ダウンロードはこちら→http://www2.unil.ch/popgen/softwares/
FSTATとPCAGENのinput fileはまったく同じ。
3 4 6 2 Loc1 Loc2 Loc3 Loc4 1 0202 0101 0305 0203 1 0104 0101 0205 0404 1 0202 0102 0103 0204 2 0204 0101 0405 0404 2 0102 0000 0103 0404 2 0202 0102 0102 0205 2 0205 0101 0305 0404 3 0204 0102 0103 0102 3 0206 0101 0303 0203 3 0203 0202 0203 0204 |
# 個体群の数 Locus数 最大Allele数 digit(1 or 2) # Locus名 # ここから個体データ 1列目の数字は個体群番号。 |
これをメモ帳などのテキストエディタに入力し、DATファイル形式[ .dat ]で保存する。(例:[test.dat])
現在作成中...
使い方は、[File]→[Open]から、DAT形式のinput fileを読み込んで、[Go]をクリックするだけ。

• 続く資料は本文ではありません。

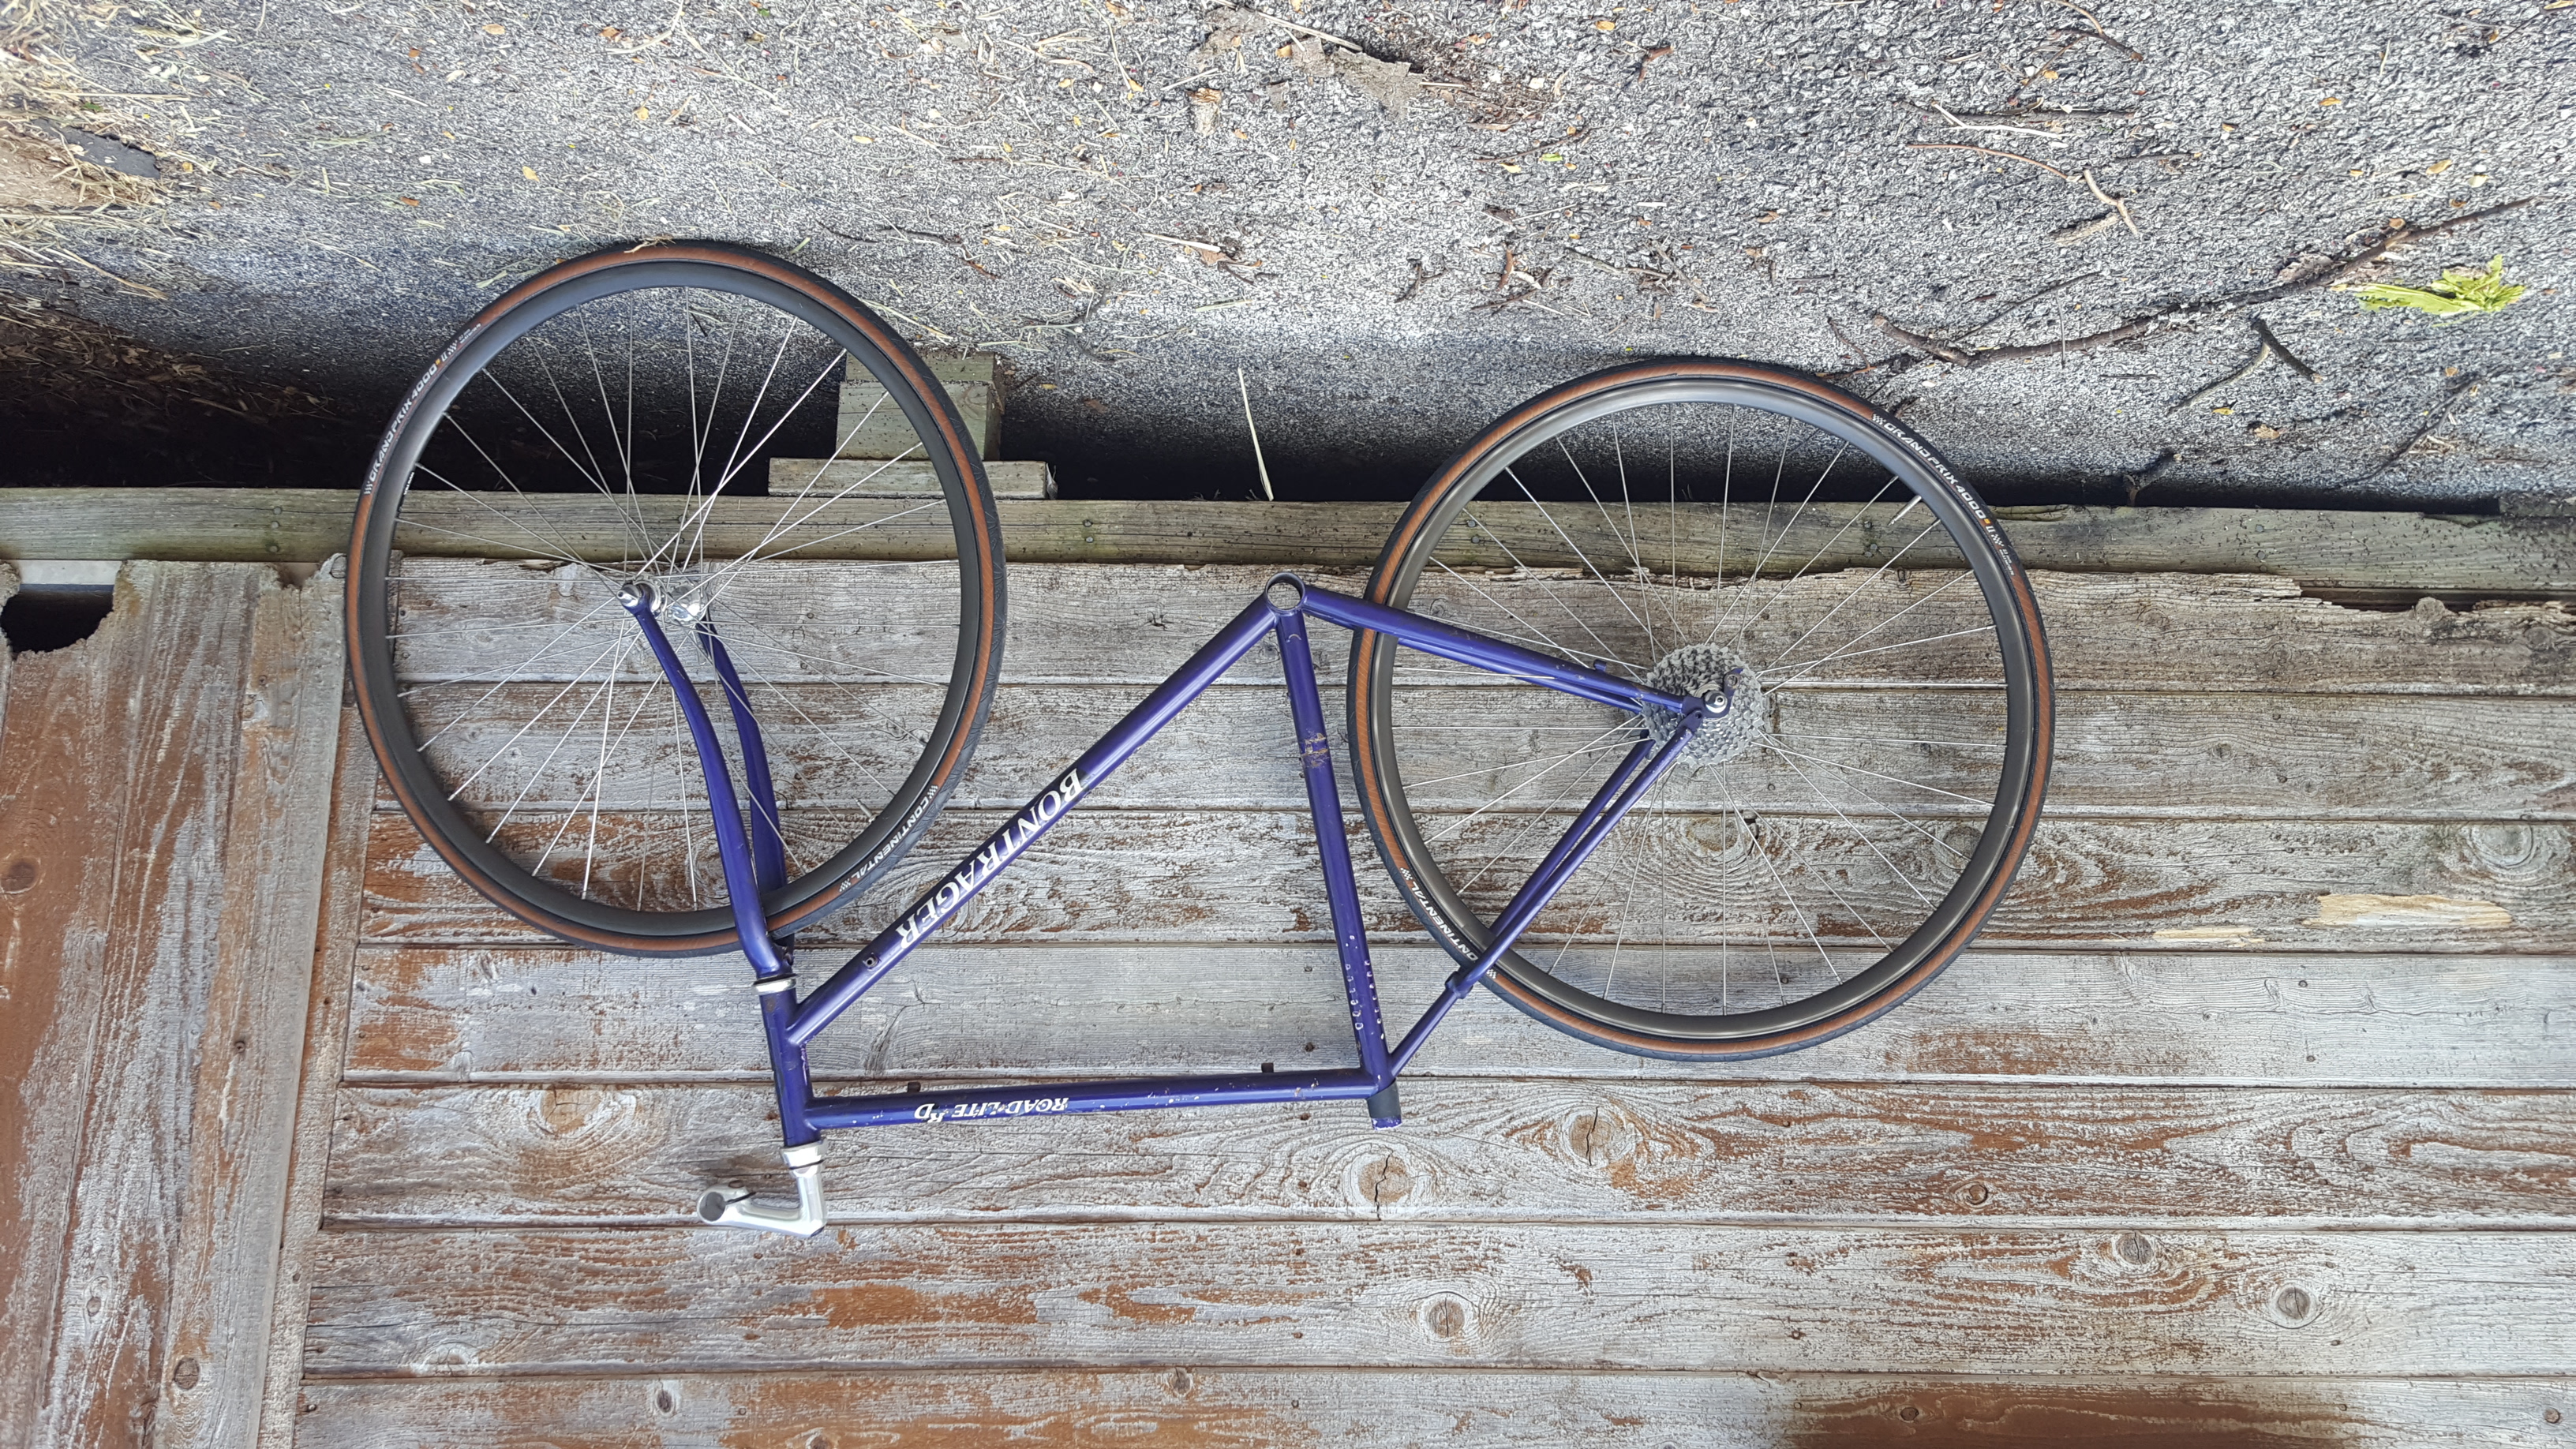 A scuffed and somewhat rusty deep-purple bicycle frame, with wheels and a stem, but otherwise no componentry posed in front of a shed.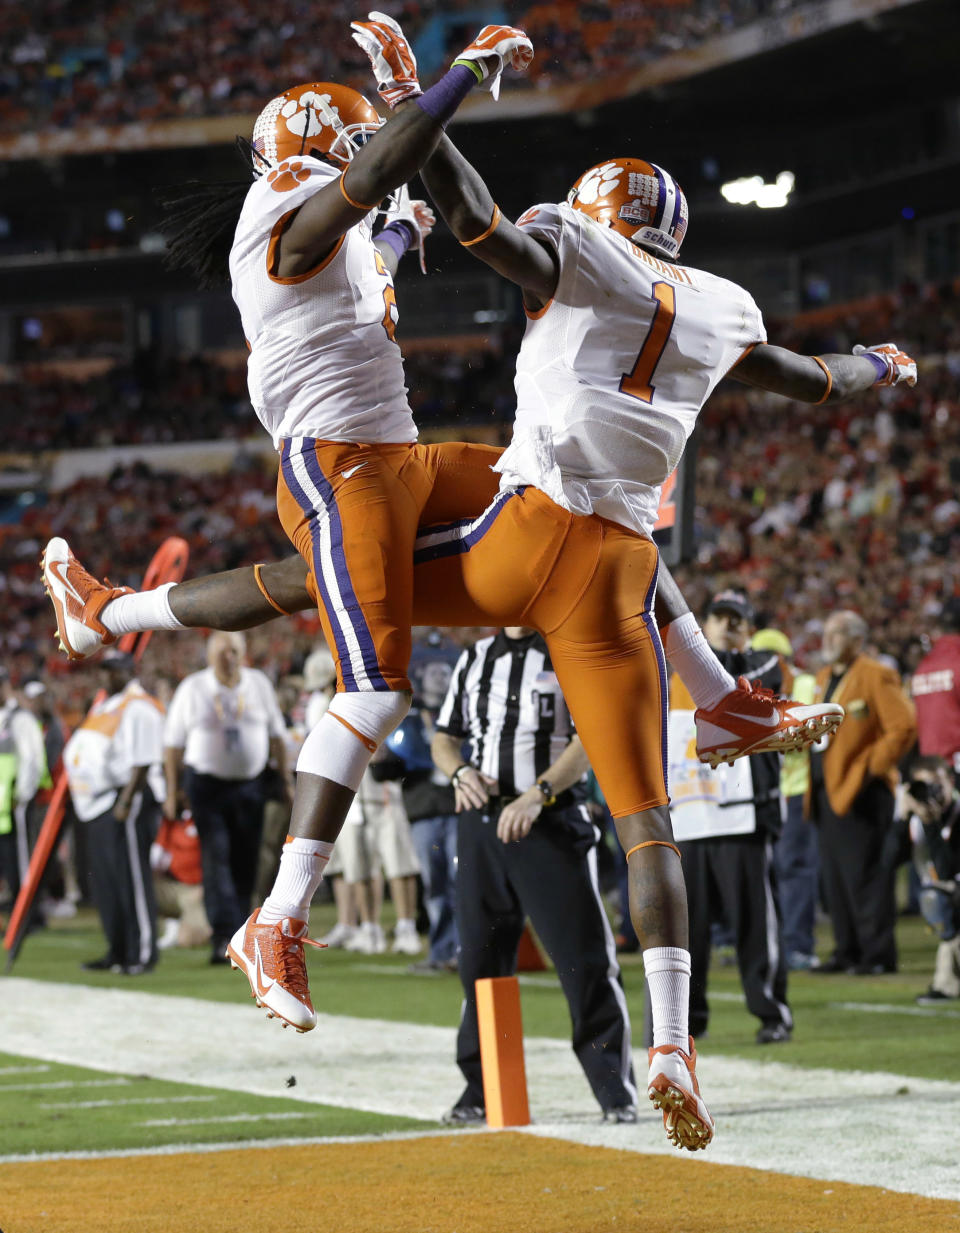 Clemson wide receiver Martavis Bryant (1) celebrates with wide receiver Sammy Watkins, left, after scoring a touchdown during the first half of the Orange Bowl NCAA college football game against Ohio State, Friday, Jan. 3, 2014, in Miami Gardens, Fla. (AP Photo/Wilfredo Lee)

outputされるグラフを見やすくするために、[Go]の前に[Options]→[Label file for pops]から以下のようなファイルで個体群名を定義しておくといいかも。
個体群名は任意。このようなファイルをテキスト形式などで作成する。
PCAGENのinput fileのままでは主成分分析はできない。
PCAGENではこのファイルを、主成分分析ができる形に変換してるわけだが、
その変換方法をここで説明する。
PCAGENを使わなくても主成分分析ができるように、また、発表でつっこまれたときのためにも、 何を説明変数として主成分分析を行っているのかは、ぜひとも知っておきたい。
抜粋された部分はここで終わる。